Christmas morning arrived with a renewed sense of vigor, a blank slate, antibiotics that clearly had been working their magic overnight and, of course, Christmas presents. In a mostly successful attempt to make Christmas away from home special, we’d decided to draw names out of a hat and shop for that person while in Riga. It was our first time doing this as a family and the kids really enjoyed the experience of shopping for their person. We started the morning with the Secret Santa presents and the kids were delighted to give their presents and guess and who had drawn who. All gifts turned out to be locally made crafts (woollen socks, amber jewellery, Russian nesting dolls, chocolates and a wooden sling shot) and everyone was happy.
We had breakfast at the hotel and then we loaded up our car for our two-and-a-half-hour drive to Minsk. Fingers were crossed as we read the border crossings could be lengthy.

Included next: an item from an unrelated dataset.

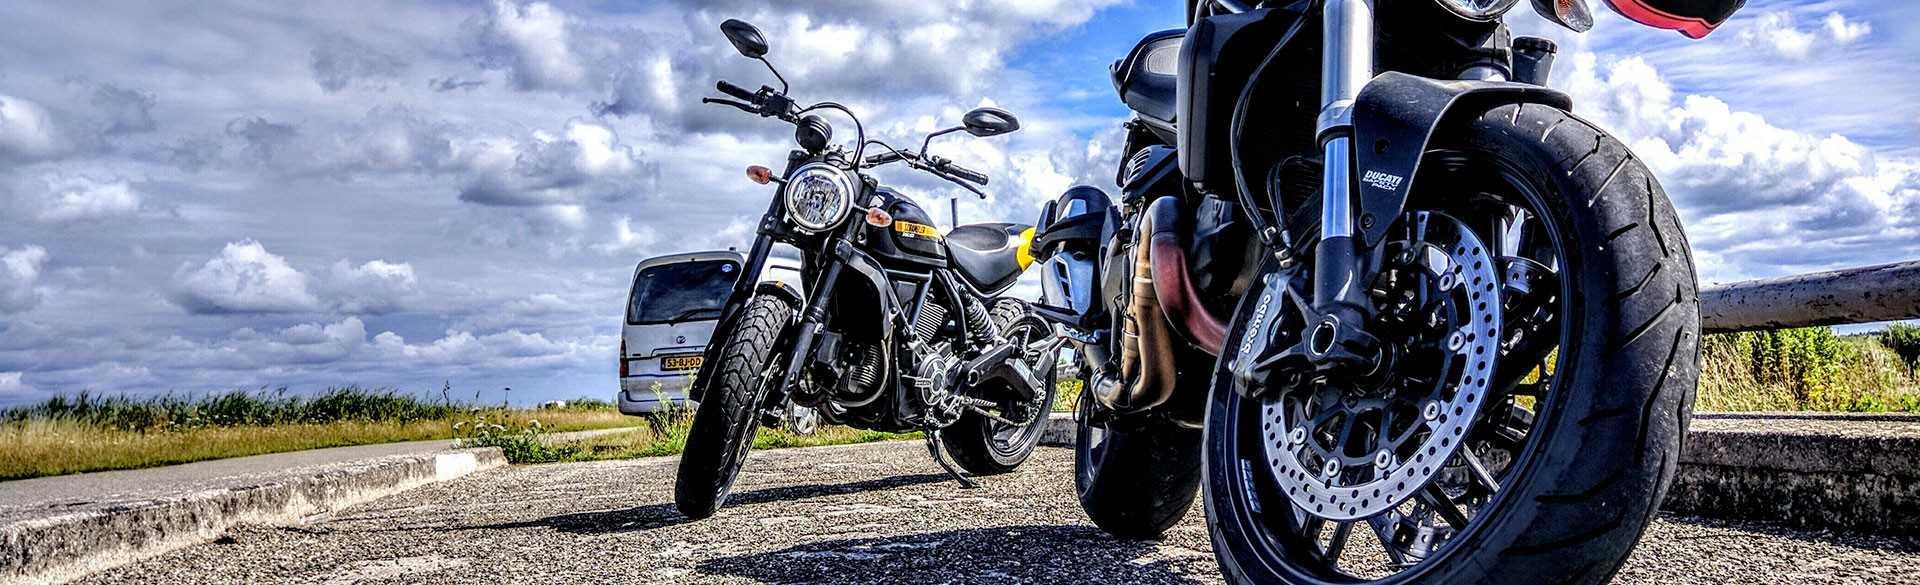 Vendita pneumatici moto online | GommeGo

Side trip to the Hill of Crosses
Earlier in our drive through Lithuania, we took a slight detour to the Hill of Crosses (in the village of Jurgaiciai) in the pouring rain to see this surreal, odd and spiritual place. I read that there were tens of thousands of crosses on the hill but it looked like much more than that. The crosses go on in every direction and are so tightly packed together. They are large and small, cheap and expensive, all different – left as a wish or a memorial. Apparently, every Saturday Newlyweds line up to leave a cross as a blessing for their recent marriage. We were able to buy a simple wooden cross in the car park and etch the letter “B” into it with our car keys before hammering it into the ground to leave our mark on Lithuania forever. There are many paths to wander down to gaze with wonder at the special place. What an awesome site to explore with the kids. Despite rain and sickness, we all enjoyed the stop.